In this embodiment the back board 4 is an elliptical shape. In each pair of friction members 3, at a portion on an opposite side to a portion facing the other friction member 3, the back board 4 has substantially the same radius of curvature as the respective friction members 3, and an edge of the friction member 3 and an edge of the back board 4 substantially overlap. The arrangement direction of the pair of friction members 3 that are connected by the back board 4 is not particularly limited, and the pair of friction members 3 may be arranged in the radial direction of the brake disk 1, may be arranged in the circumferential direction, or may be arranged in a direction other than the radial direction and circumferential direction.

Each friction member 3 is fastened to the base plate 6, as well as the back board 4, by the rivet 7 that is inserted through the small hole 3a in the center portion of the individual friction members 3. That is, each friction member 3 is supported by the base plate 6 by means of the rivet 7 at a region that includes the center portion of the respective friction members 3. On a back surface side of each friction member 3, the spring member 5 is disposed between the back board 4 and the base plate 6. By this means, the plurality of friction members 3 are in a state in which each friction member 3 is elastically supported individually. Note that although disk springs are shown as an example of the spring members 5 in FIG. 2C, plate springs or coil springs may also be used as the elastic members 5.

According to the disk brake including the brake lining 2 having the configuration described above, each friction member 3 is individually movable. By this means, the contact surface pressure between the brake lining 2 and the brake disk 1 during braking motion can be uniformized.

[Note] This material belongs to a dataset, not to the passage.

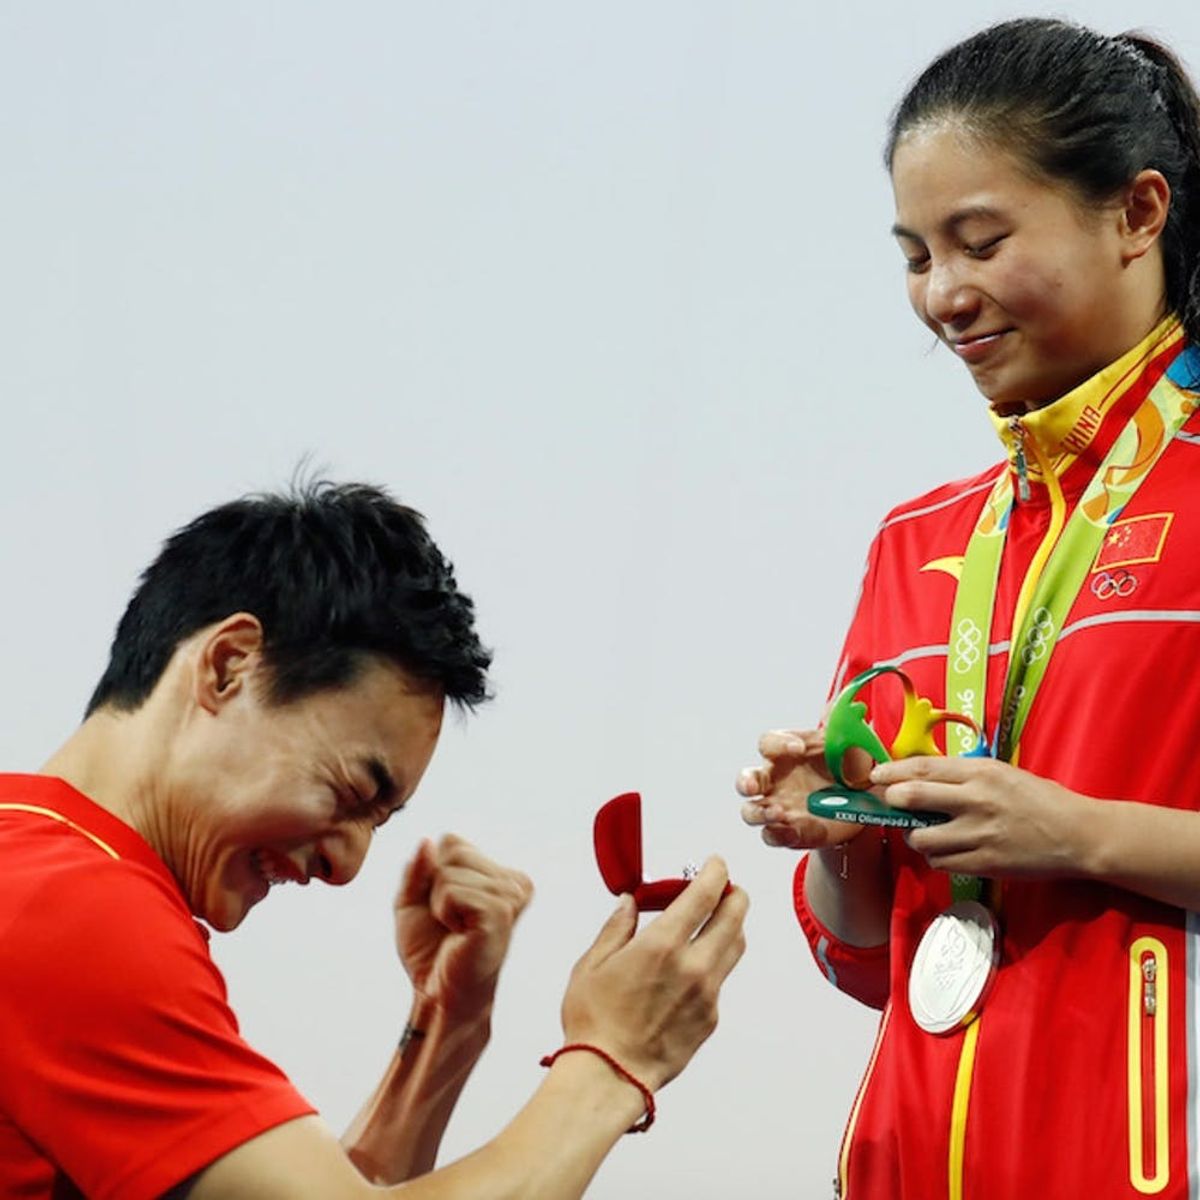 Morning Buzz! This Olympian Got Engaged After Winning a Silver Medal + More

Further, because each pair of friction members 3 is in a state in which the pair of friction members 3 are connected together by a one-piece back board 4, the movements thereof are constrained in comparison to a case where the friction members 3 are not connected together by a back board. Therefore, the frictional coefficient between the brake disk 1 and the brake lining 2 can be stabilized regardless of the running speed of the vehicle at the start of braking motion.

Furthermore, since each pair of friction members 3 is fastened to the base plate 6 by two rivets 7 as fastening members, a pair of friction members 3 does not rotate on the spot during braking motion, and thus looseness can be prevented from arising at portions at which the friction members 3 are fastened to the base plate 6. Even if the looseness arises at the fastening portions, the friction members 3 will not immediately fall off unless the fastening portions at the two locations are damaged at the same time. Therefore, sufficient durability and sufficient reliability of the disk brake can be ensured.

Since each of the friction members 3 is elastically supported with the position of the rivet 7 that is directly below the center portion thereof acting as a support point, the friction members 3 do not incline significantly even if the friction members 3 contact with the brake disk 1 and move during braking motion, and the entire contact surface of each friction member 3 becomes worn uniformly over the whole area thereof, and partial wearing of the friction members 3 does not occur.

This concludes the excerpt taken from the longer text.